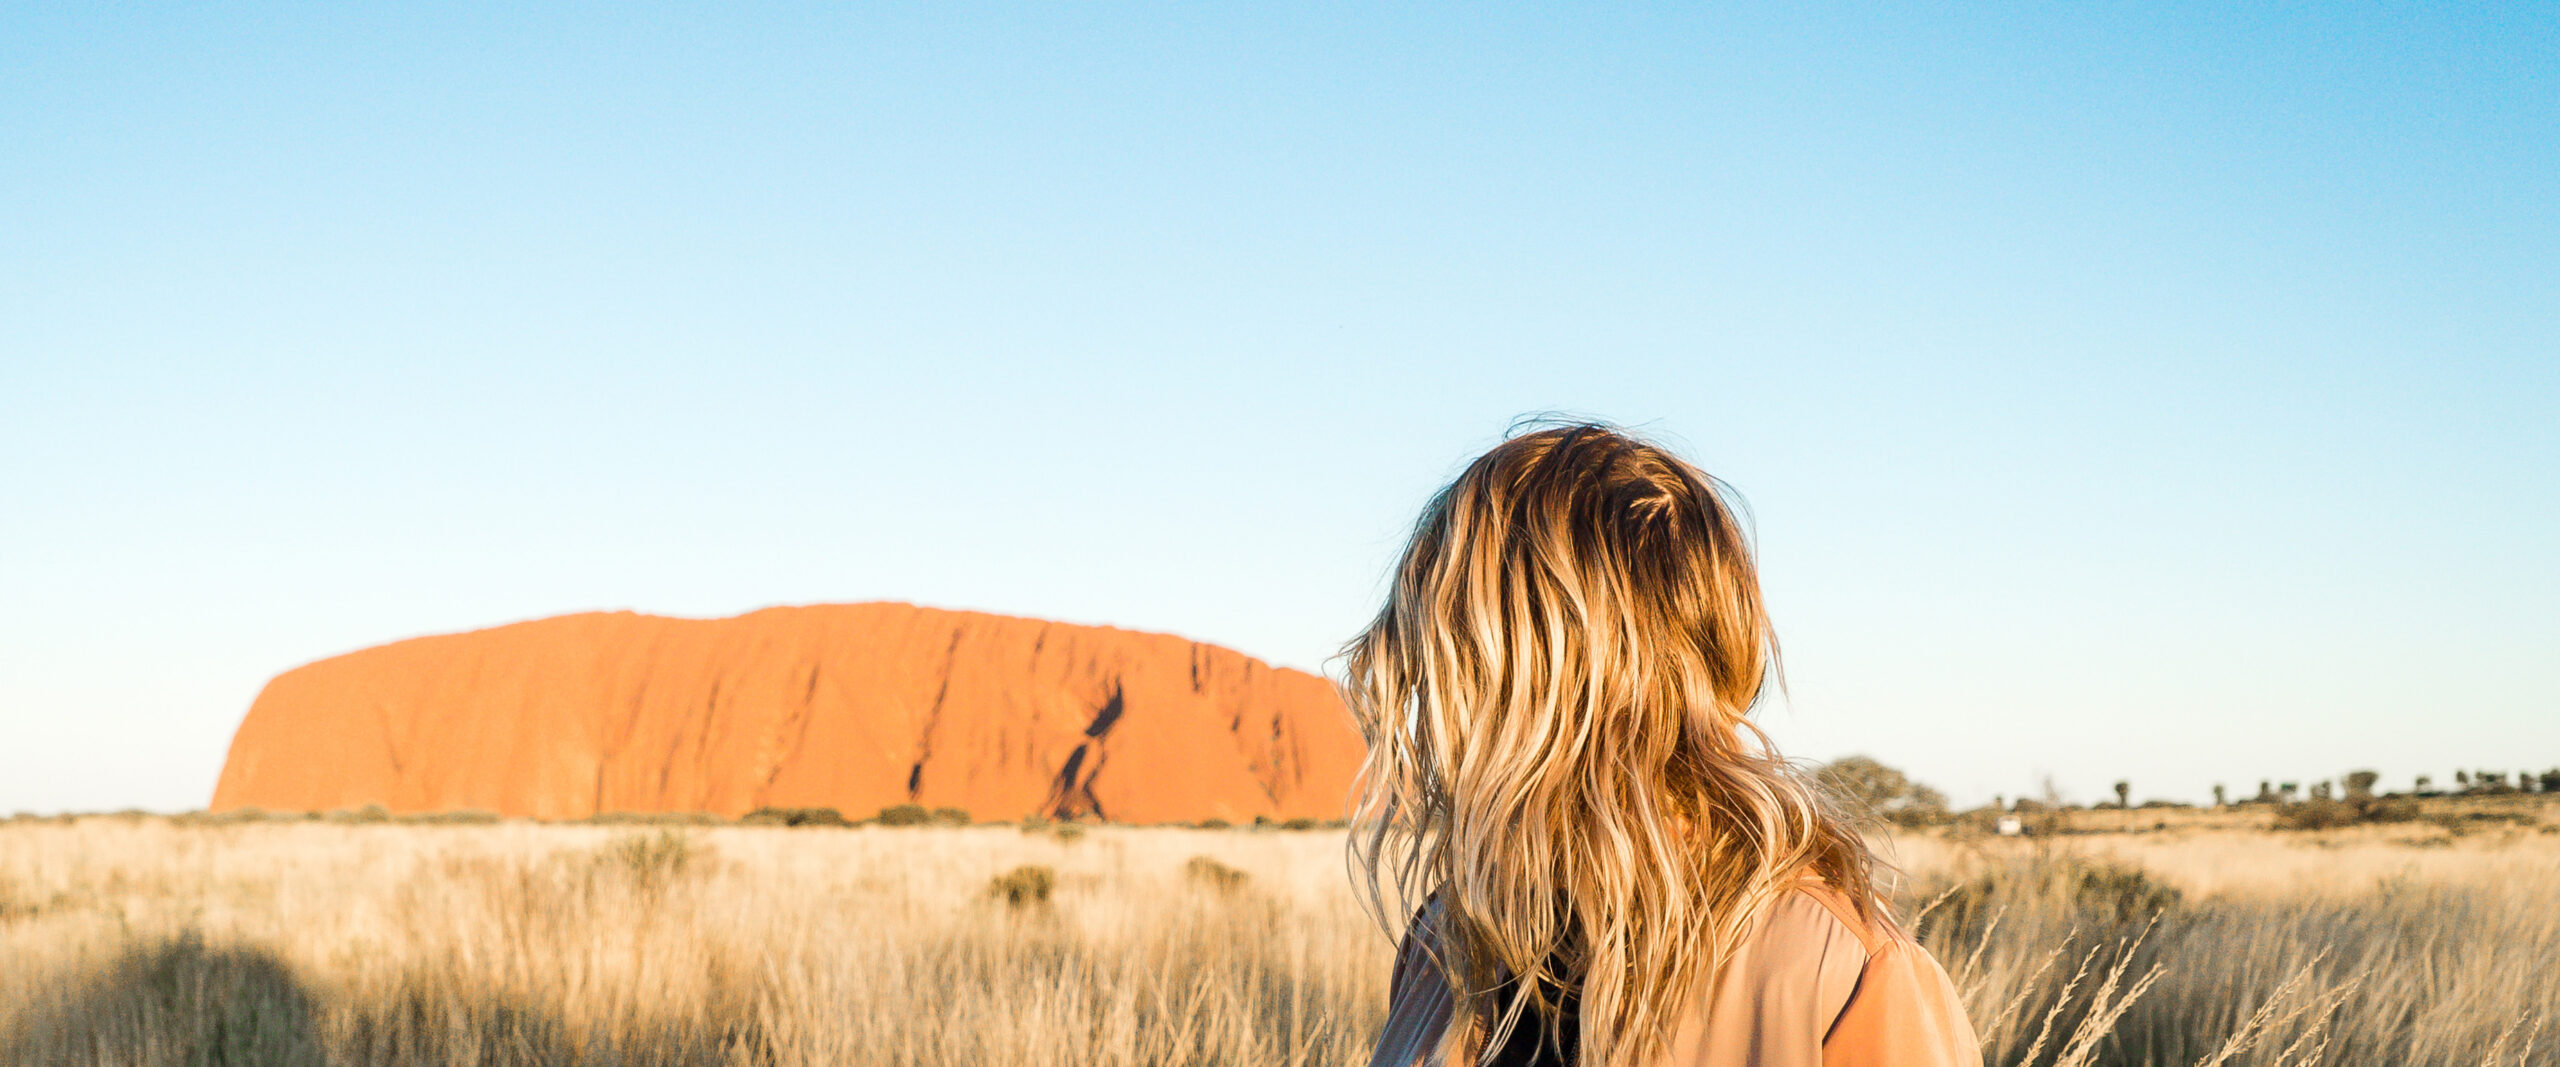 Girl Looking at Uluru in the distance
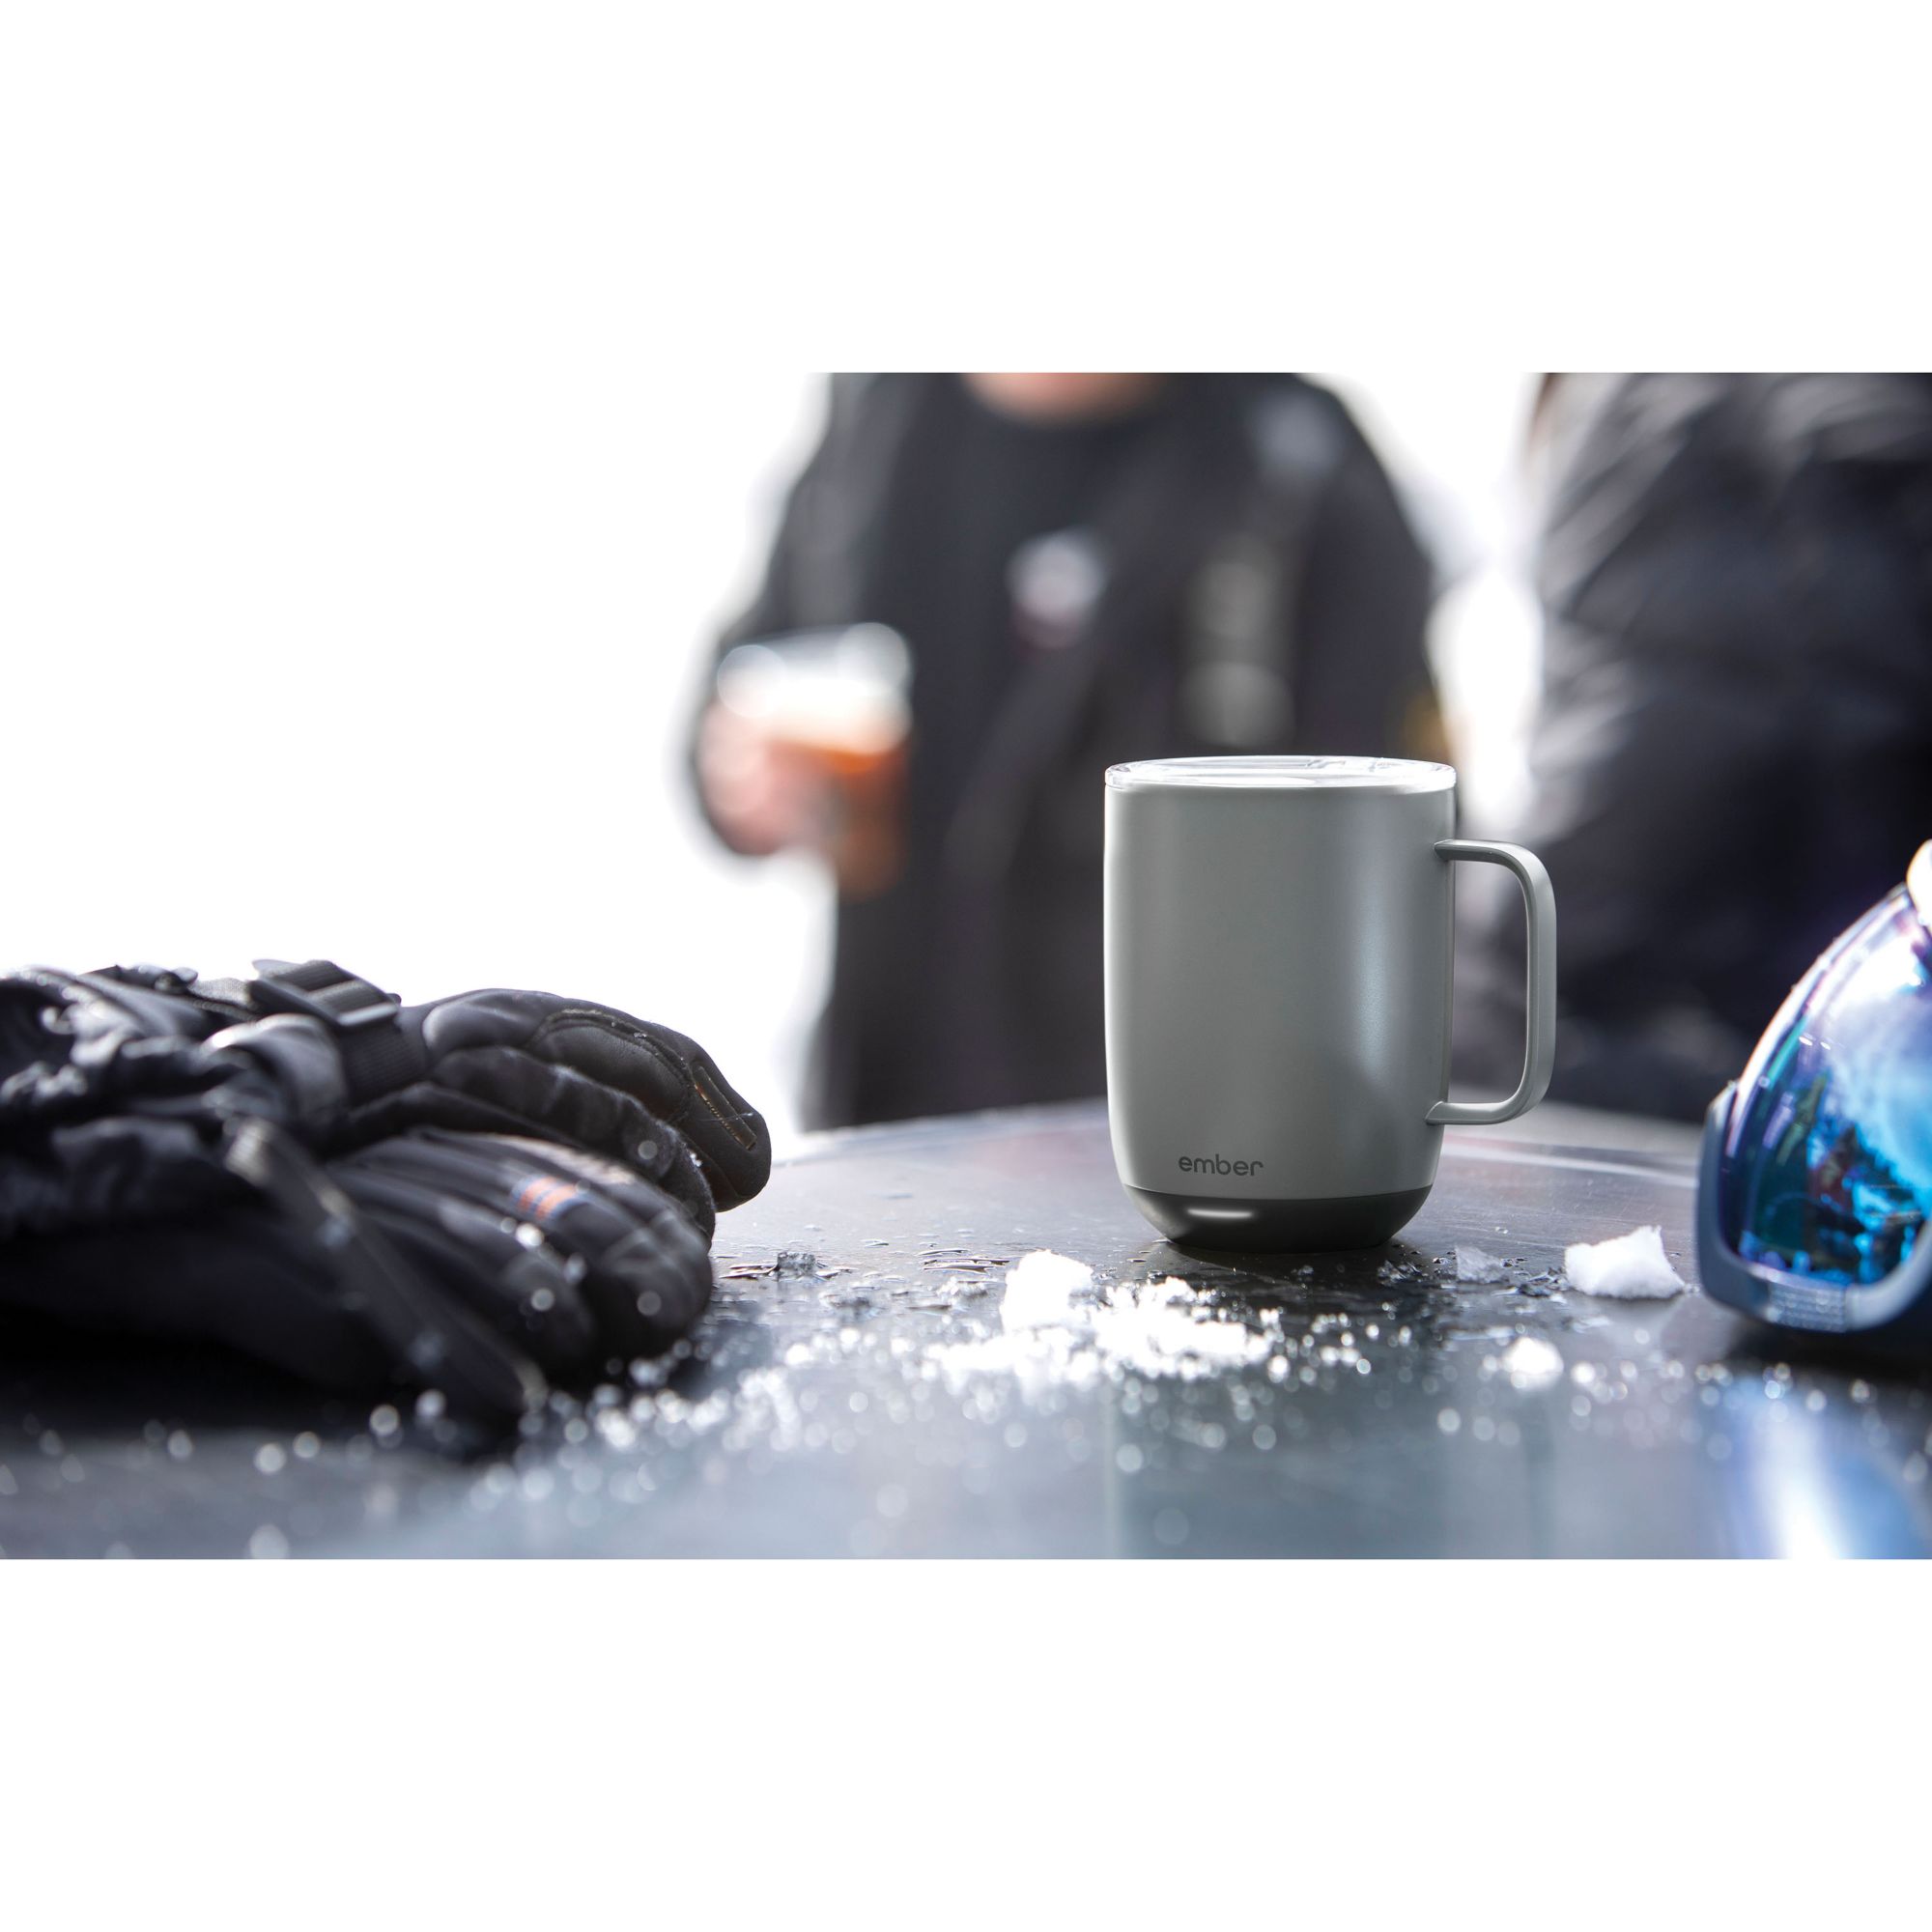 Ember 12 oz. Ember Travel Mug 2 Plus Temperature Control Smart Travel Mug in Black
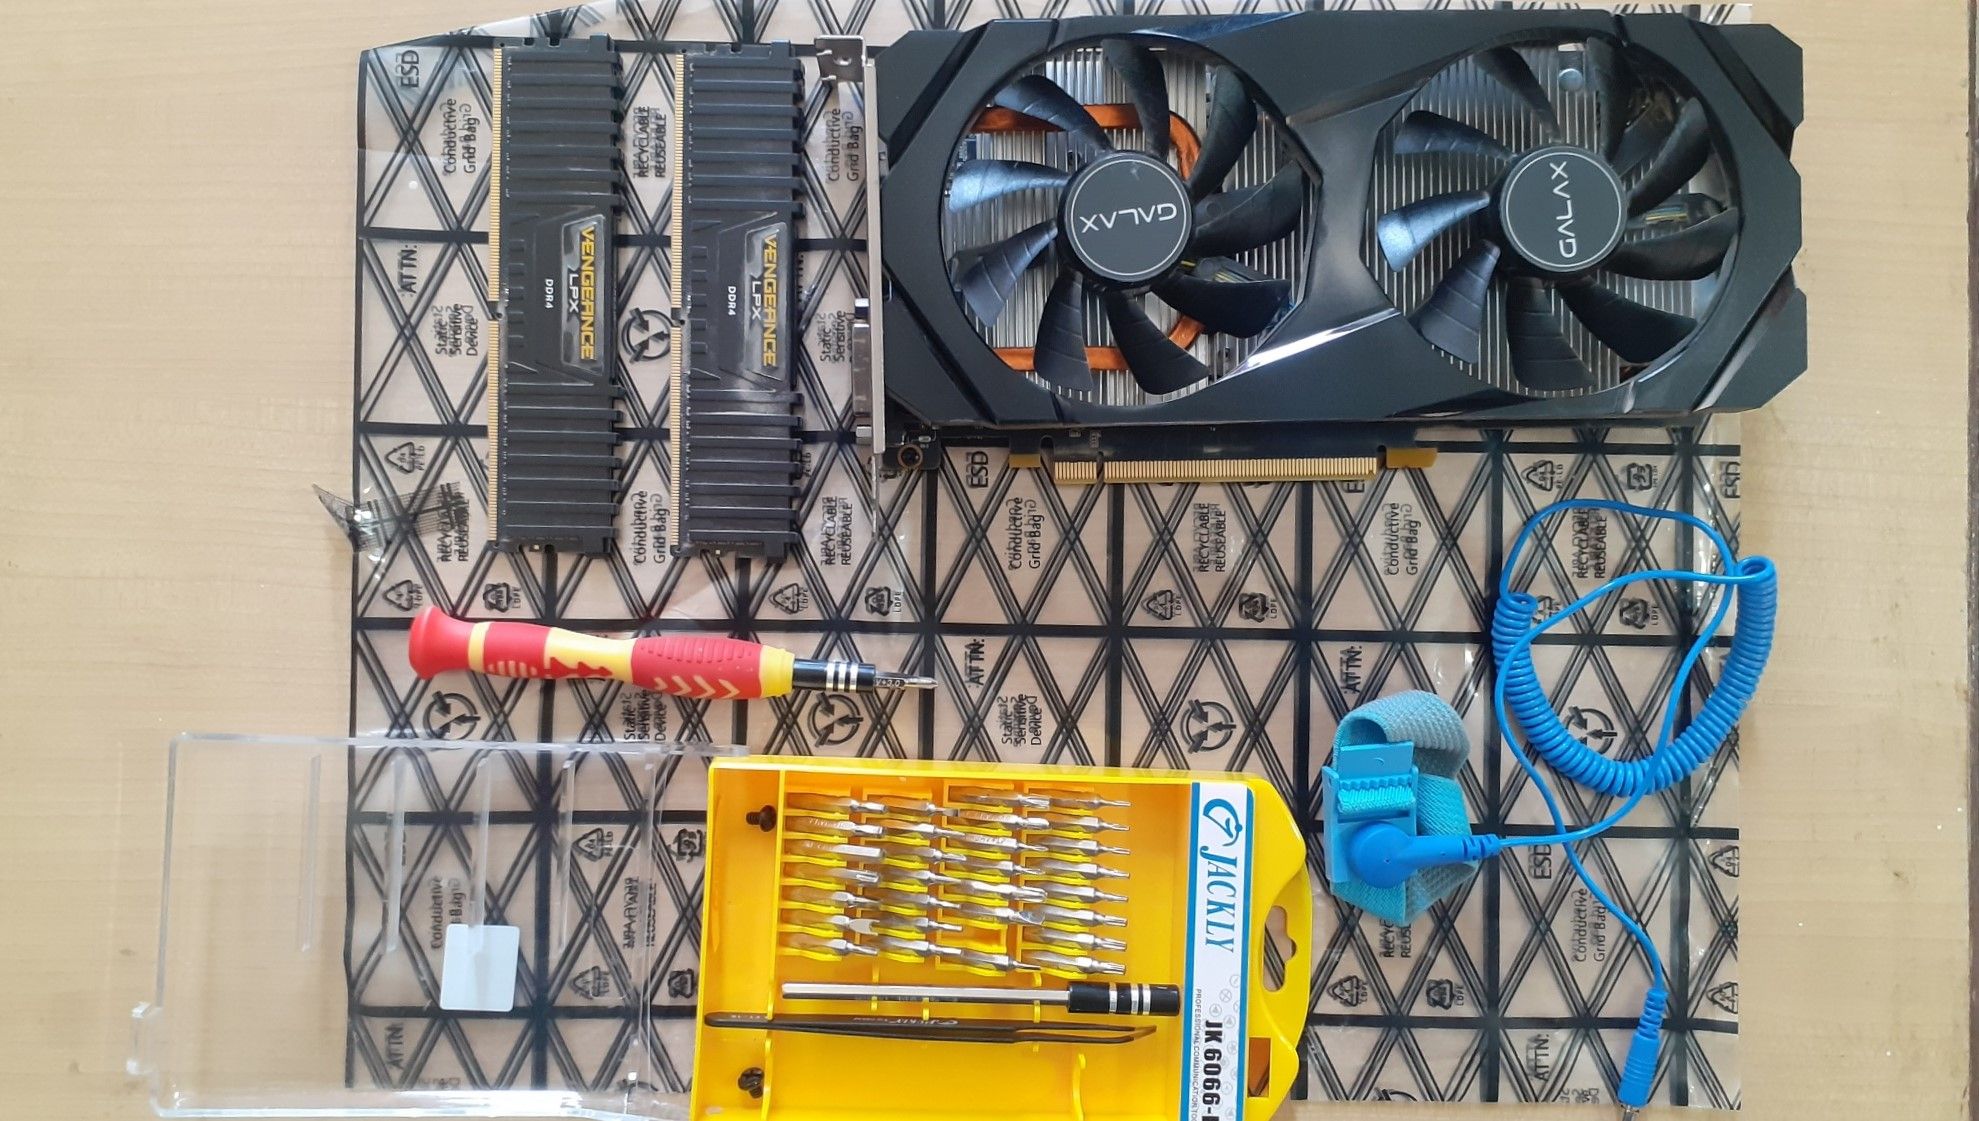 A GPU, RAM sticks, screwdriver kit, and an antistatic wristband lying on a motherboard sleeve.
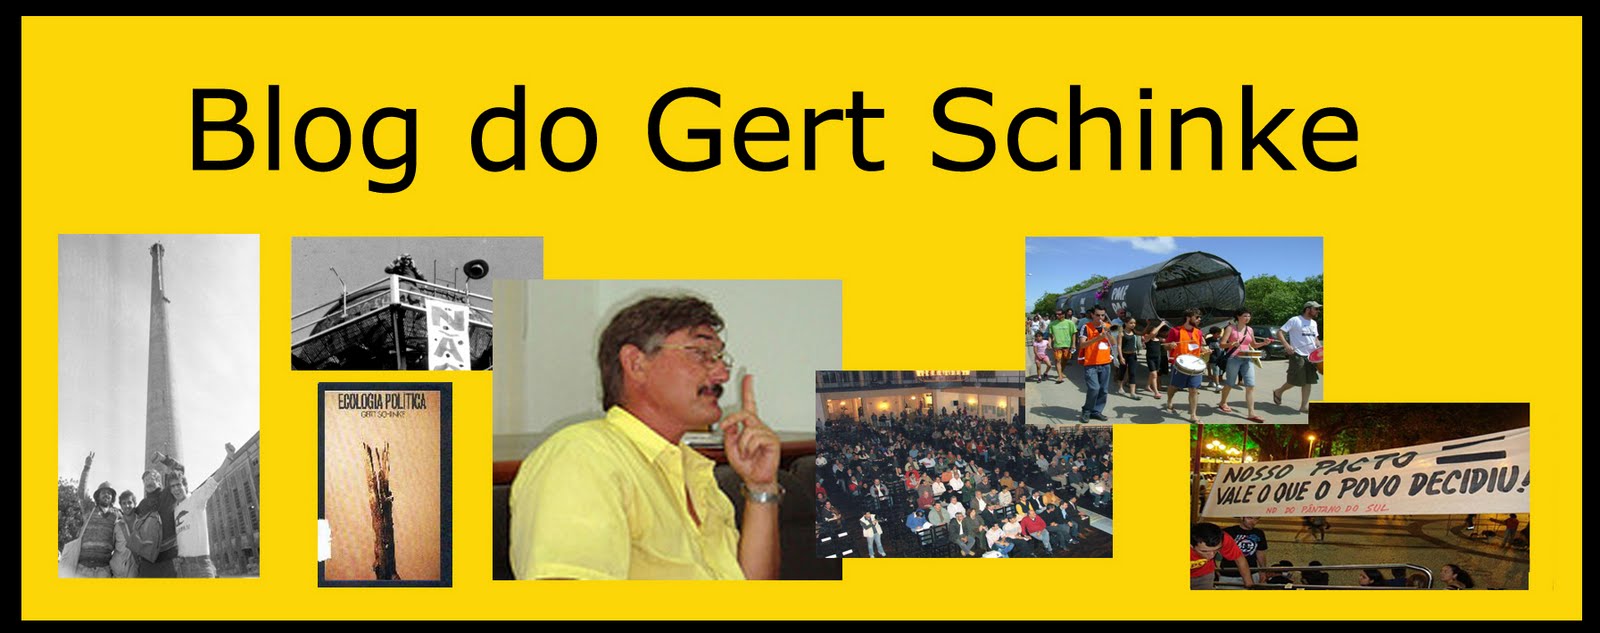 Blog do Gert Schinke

[Problem to solve] Without the pictures, repeat the listing above exactly.

[Answer space]
 Girl Looking at Uluru in the distance
 Ember 12 oz. Ember Travel Mug 2 Plus Temperature Control Smart Travel Mug in Black
 A GPU, RAM sticks, screwdriver kit, and an antistatic wristband lying on a motherboard sleeve.
 Blog do Gert Schinke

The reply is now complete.